- DVD cover
- Italian: La belva col mitra
- Directed by: Sergio Grieco
- Screenplay by: Sergio Grieco
- Story by: Sergio Grieco
- Produced by: Armando Bertuccioli; Francesco Bertuccioli;
- Starring: Helmut Berger; Marisa Mell; Richard Harrison;
- Cinematography: Vittorio Bernini
- Edited by: Francesco Bertuccioli; Adalberto Ceccarelli;
- Music by: Umberto Smaila
- Production company: Supercine
- Distributed by: C.I.A.
- Release date: 29 October 1977 (Italy);
- Running time: 94 minutes
- Country: Italy
- Box office: ₤813,891 million

= Beast with a Gun =

1977 film

Beast with a Gun (La belva col mitra), also known as Mad Dog Killer, is a 1977 Italian noir
poliziottesco film written and directed by Sergio Grieco. The film would be Grieco's final film, as he died in 1982.

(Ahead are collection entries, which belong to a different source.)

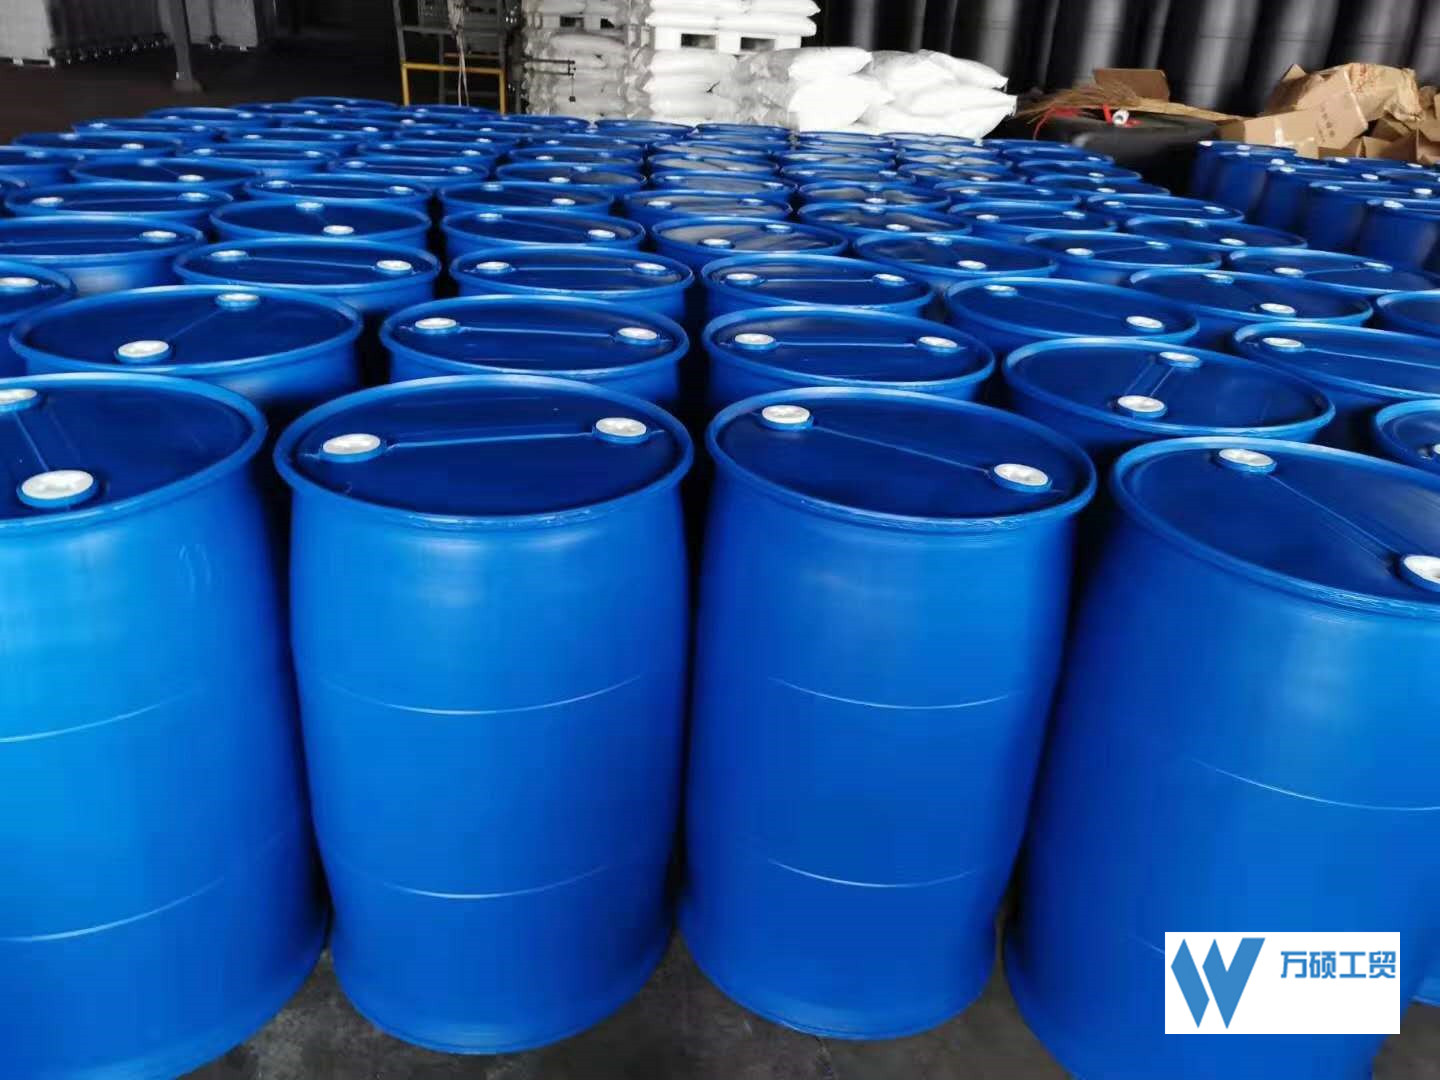 皮重10.5塑料桶塑料桶|单价|二手200公斤塑料桶价格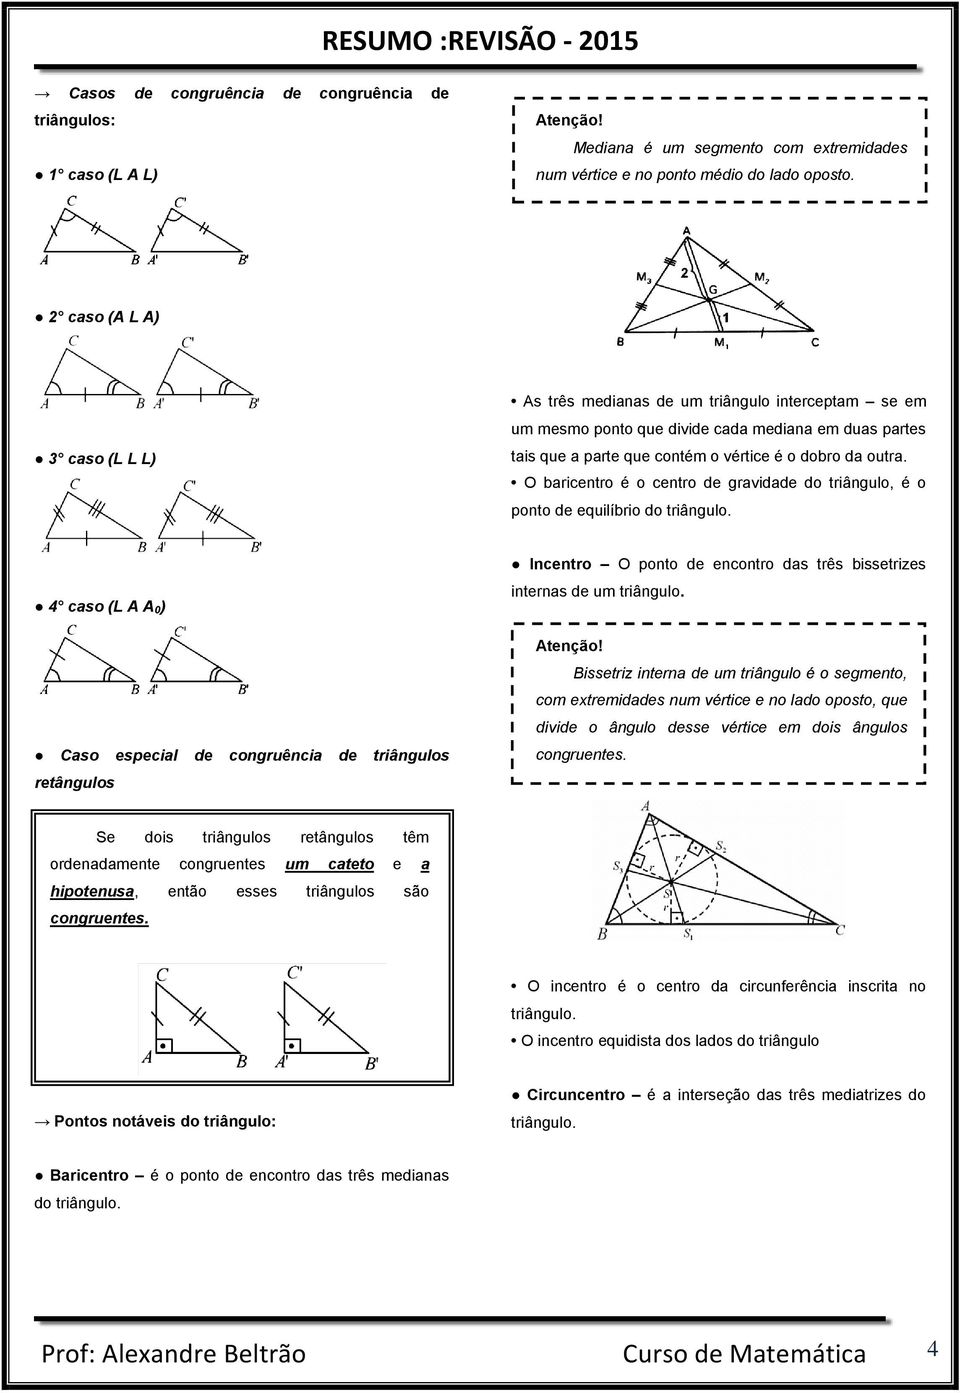 O baricentro é o centro de gravidade do triângulo, é o ponto de equilíbrio do triângulo.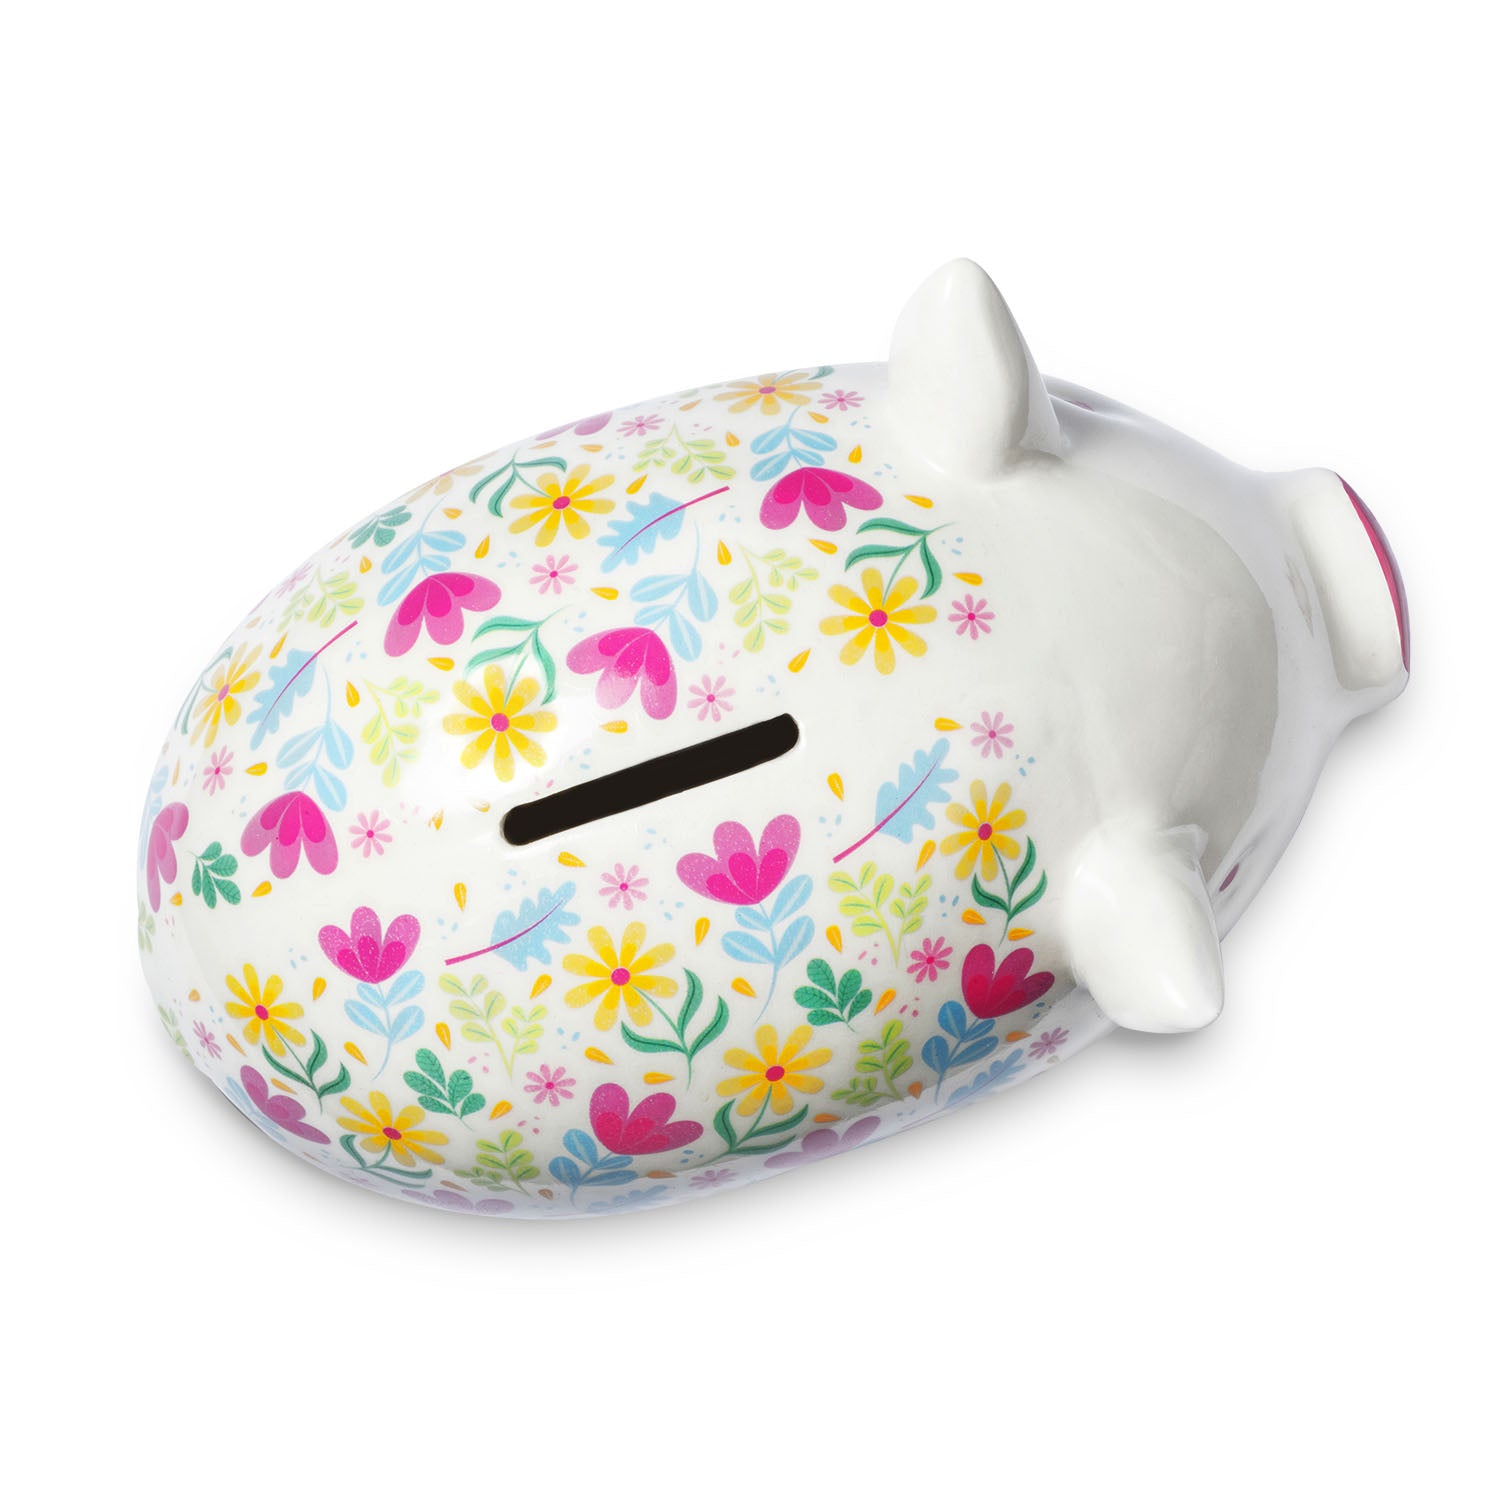 Tilly Pig - Flower Power Piggy Bank

The main character of the film, Nanni Vitali, was loosely inspired by Renato Vallanzasca.

==Plot==
Dangerous criminal Nanni Vitali escapes from prison with four accomplices. The four steal a car, rob a petrol station and beat the owners to death. They then they kidnap Barbareschi, the person who had originally given the tip off to the authorities that led to Vitali's arrest. At the time of Barbareschi's kidnapping, there is also his woman, Giuliana, who is raped by Vitali himself while his accomplices beat up and kill Barbareschi. Commissioner Santini, son of the prosecutor who had sentenced Vitali, tries to stop him.

Battles continue between the two: the criminals blackmail Giuliana, trying to organize a robbery with her which is unsuccessful thanks to the confession of Giuliana, who goes to the police station to reveal the intentions of the criminals. Commissioner Santini then organizes a trap in which Vitali's accomplices are captured. They manage to escape, making his way by shooting his machine gun from a speeding car. Vitali visits his sister to ask her for money and tells her that he will leave the country only after settling accounts with Commissioner Santini and with Giuliana who has betrayed him.

Back in the city, he lurks in the building opposite the one where Giuliana is staying managing to wound her with a rifle. Later, having secured the collaboration of a young delinquent of his admirer, Aldo Pacesi known as Bimbo, kidnaps Carla and Judge Santini, respectively sister and father of the Commissioner. Receiving phone calls asking for ransom, Inspector Santini locates the kidnappers in an abandoned shed in a small village. They shoot and kill Pacesi as Santini also manages to get the better of Vitali with a fight that ends in a hand-to-hand combat. The police intervene to arrest Vitali, and at the same time Santini's father, who had been wounded by Pacesi in a clumsy escape attempt, is taken away in an ambulance, remaining alive.

==Production==
The film was shot I.C.E.T. De Paolis Studios in Milan and on location in and around Ancona.

==Release==
La belva col mitra was distributed theatrically by C.I.A. in Italy on October 29, 1977. It grossed a total of 813,891,000 Italian lira domestically. It was released in the United States variously as Beast with a Gun, The Human Beast, and Mad Dog Killer.

The American VIDCREST VHS release was titled "Mad Dog".

The film is featured in Quentin Tarantino's Jackie Brown where the characters Louis Gara (Robert De Niro) and Melanie (Bridget Fonda) are watching it.

==Cancelled sequel==
A sequel to the film was discussed but never materialised which would have had Vitalli escape prison again this time to seek revenge against a gangster that killed his sister. Richard Harrison would have also returned this time reluctantly joining forces with Vitalli to take out the gangster. The film would have ended with Vitalli faking his death escaping to the USA.